• TASK DETAILS:
Would you please copy the part of the material below that opens with the line containing "Quy trình nộp hồ sơ visa kinh doanh mỹ" and closes with the line containing "jezioro herberta park"? Copy it exactly, and only it.

• DATA FOR REVIEW:
↓

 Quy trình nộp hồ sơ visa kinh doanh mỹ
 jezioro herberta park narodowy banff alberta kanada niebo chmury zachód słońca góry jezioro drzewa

↑
↓

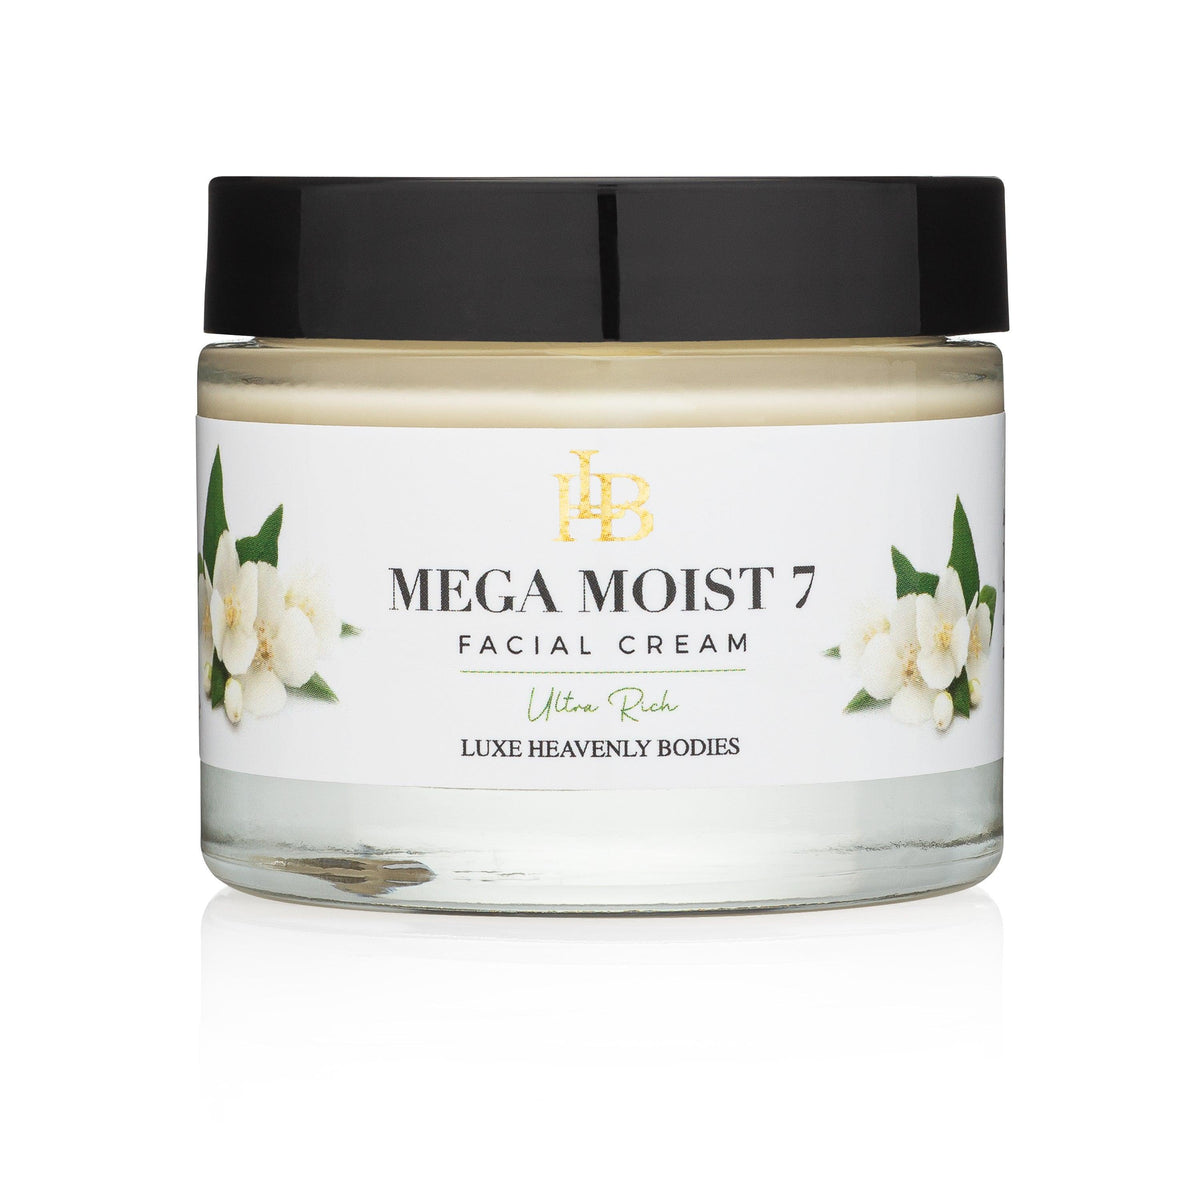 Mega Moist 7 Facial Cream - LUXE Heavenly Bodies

↑

• YOUR RESPONSE:
 Quy trình nộp hồ sơ visa kinh doanh mỹ
 jezioro herberta park narodowy banff alberta kanada niebo chmury zachód słońca góry jezioro drzewa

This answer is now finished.